## TRY IT:
Your copy should match the listing below exactly, except that it holds no images.
++++ DATA EXTRACT
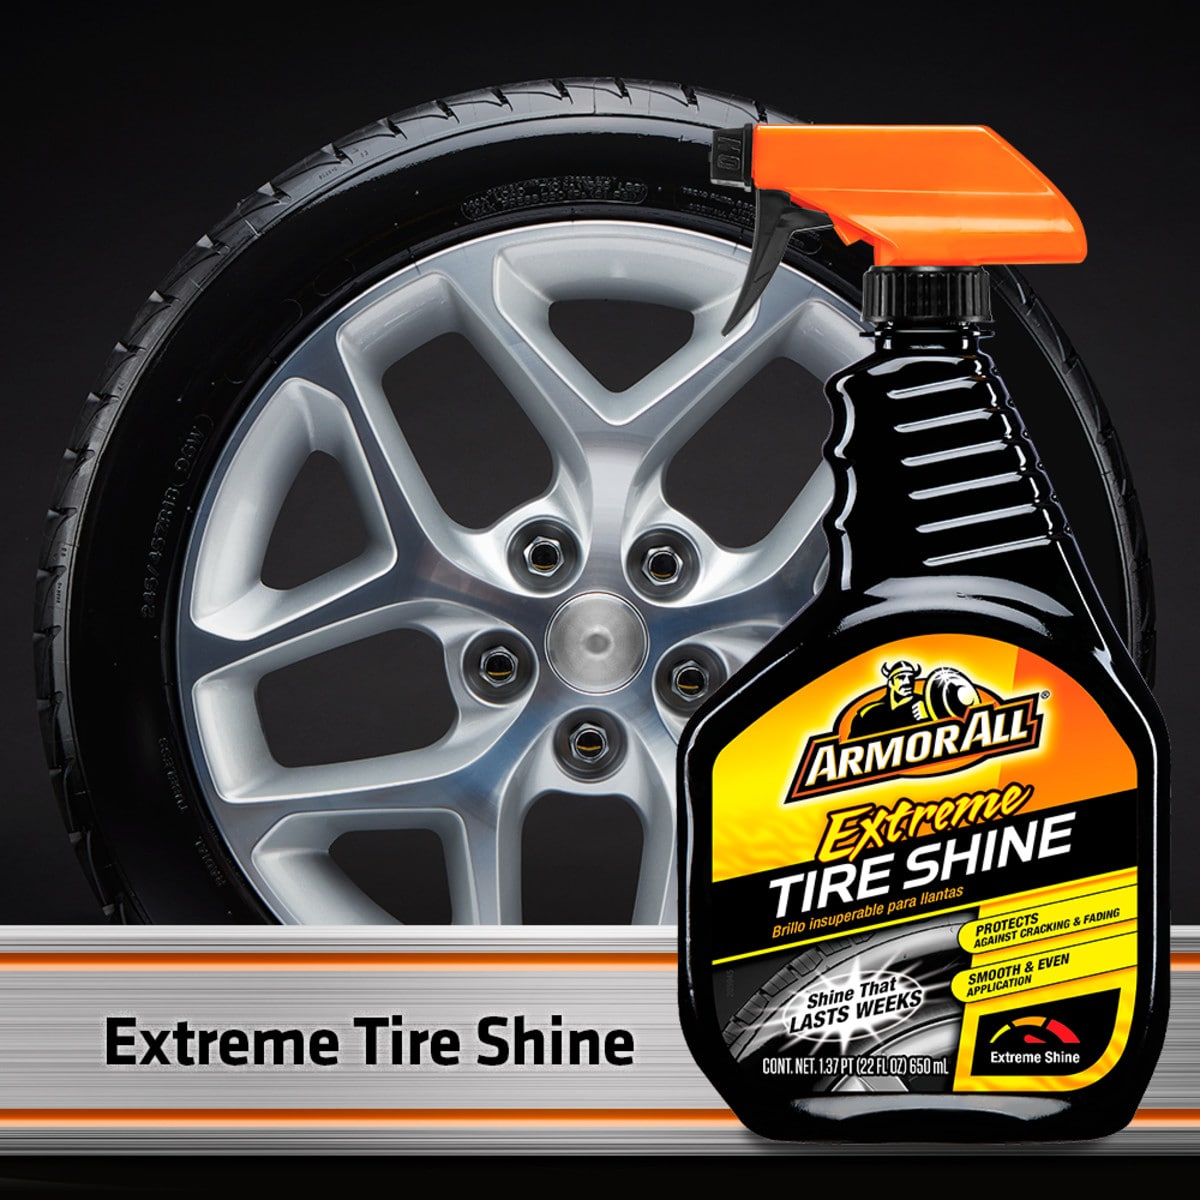 Armor All Extreme Tire Shine Spray 22-fl oz Car Exterior Wash in
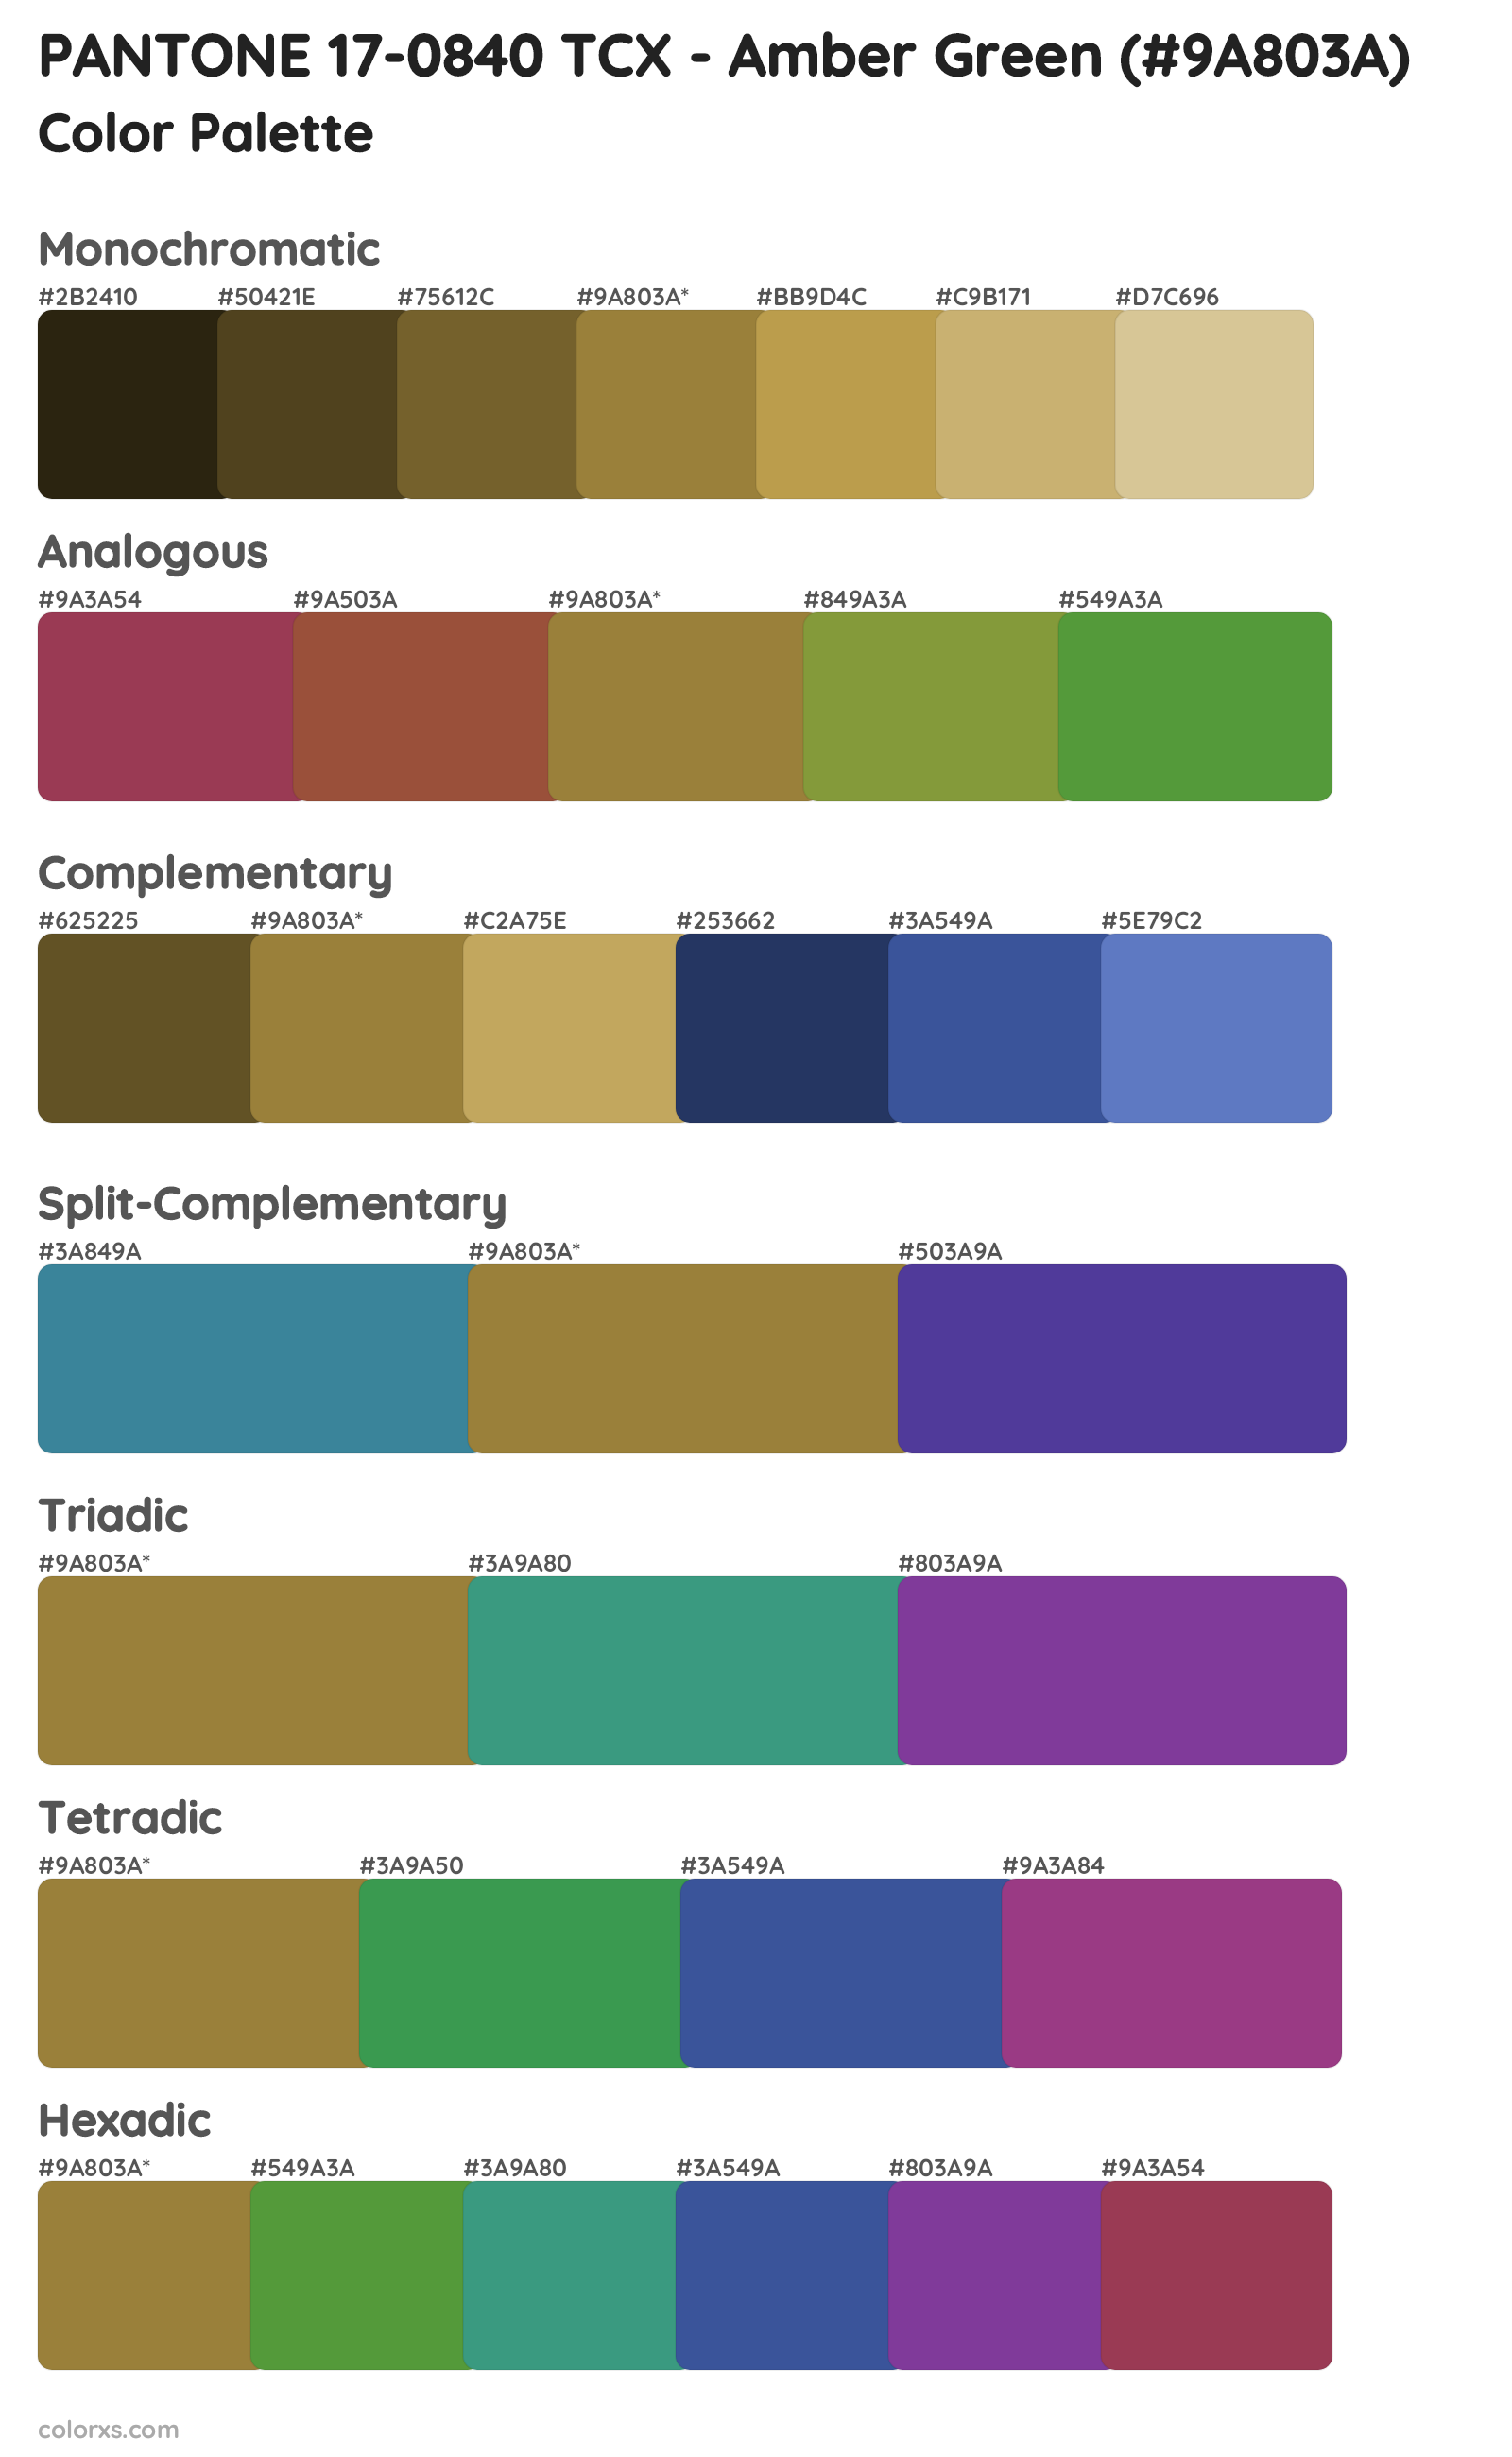 PANTONE 17-0840 TCX - Amber Green Color Scheme Palettes
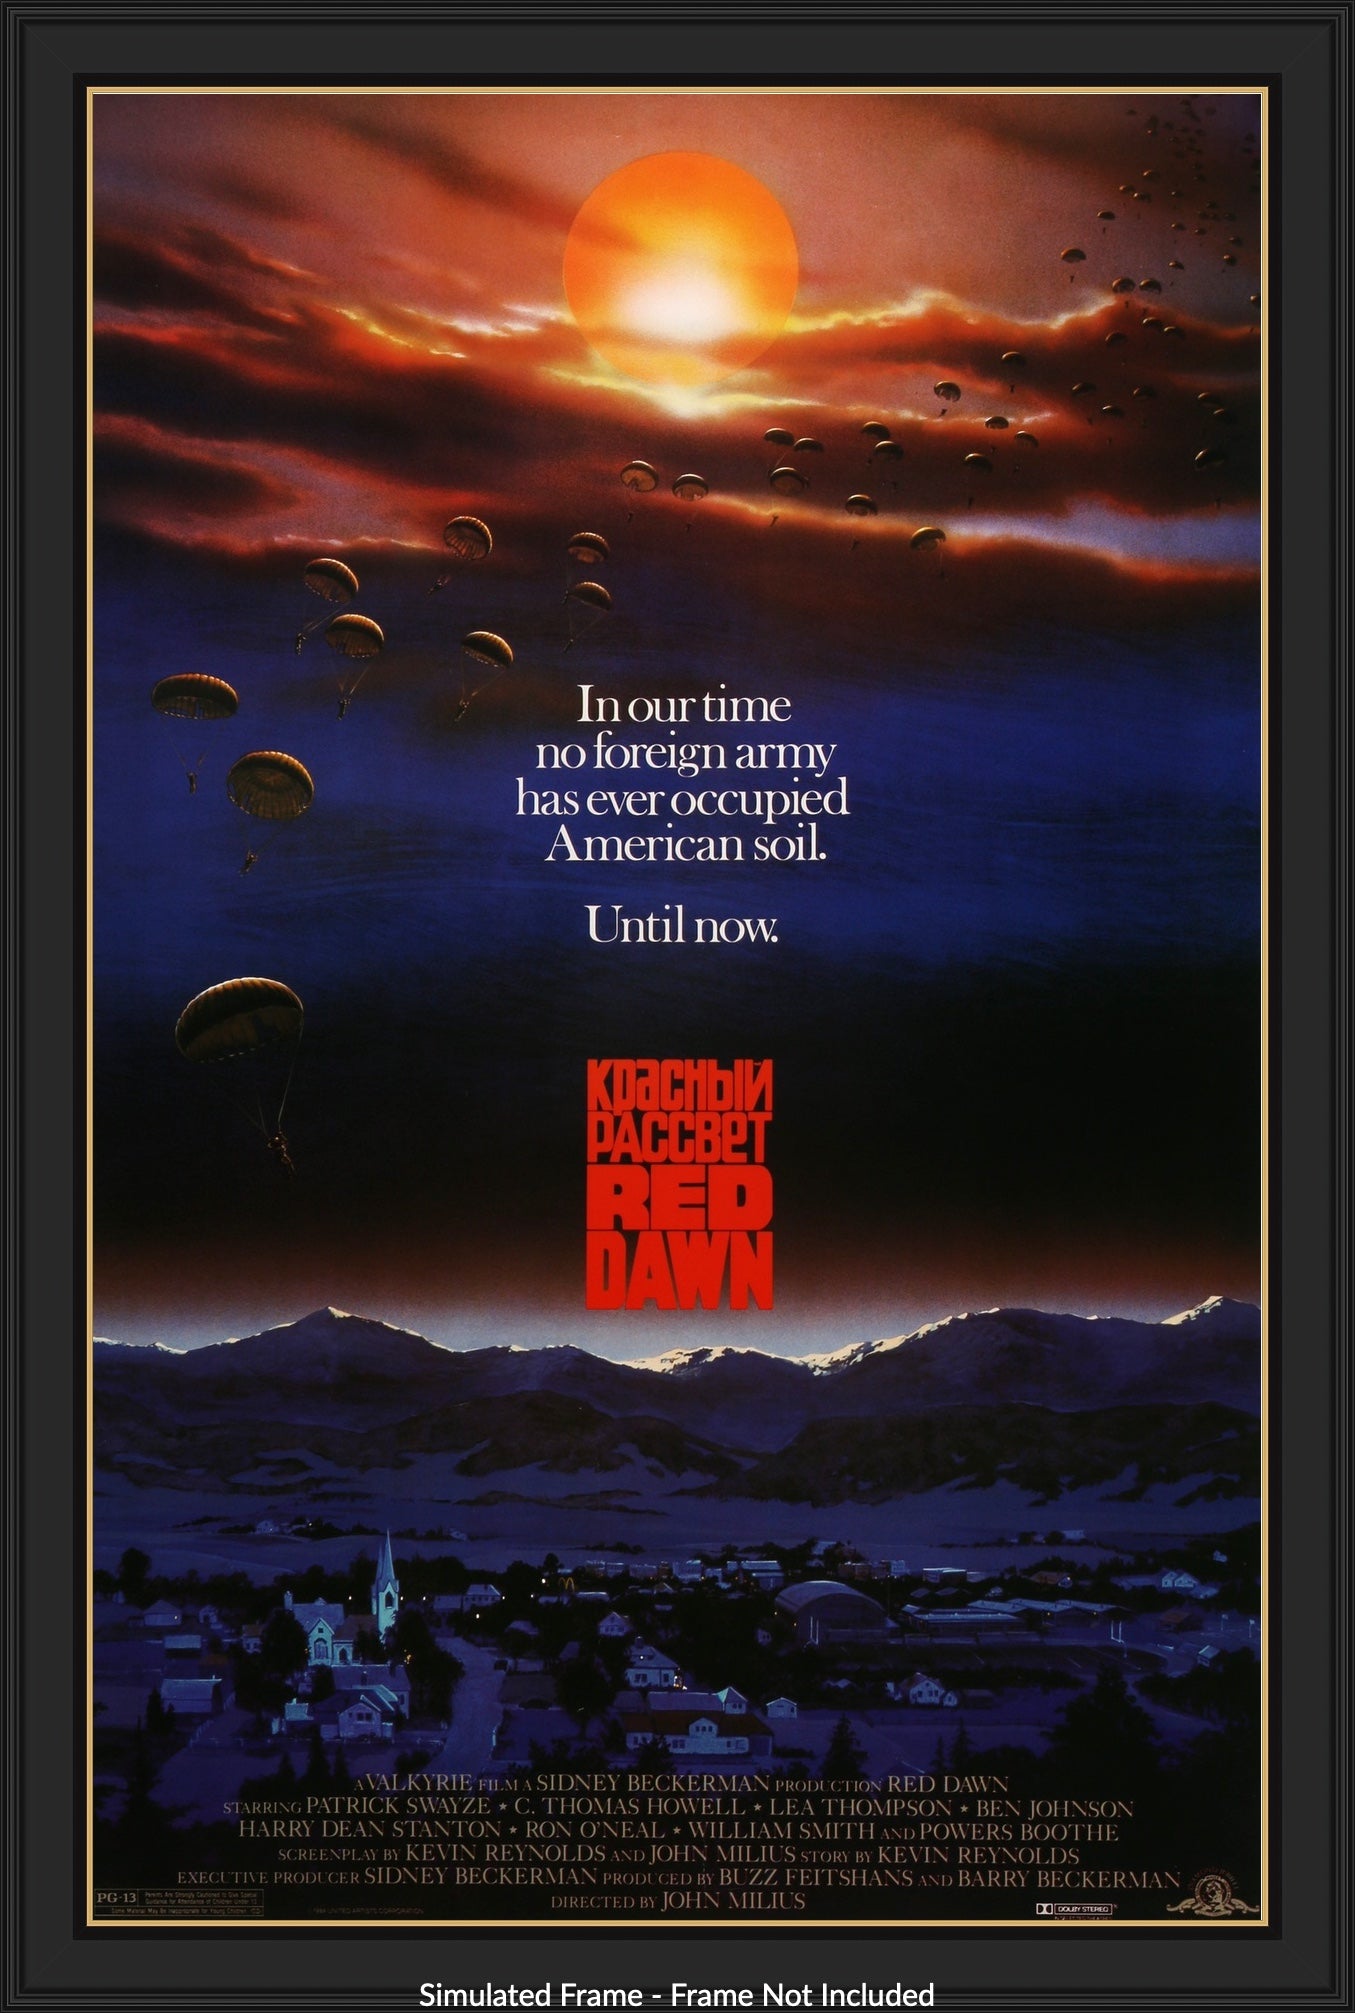 Red Dawn (1984) original movie poster for sale at Original Film Art
++++++++
## TASK RESULT:
 Armor All Extreme Tire Shine Spray 22-fl oz Car Exterior Wash in
 PANTONE 17-0840 TCX - Amber Green Color Scheme Palettes
 Red Dawn (1984) original movie poster for sale at Original Film Art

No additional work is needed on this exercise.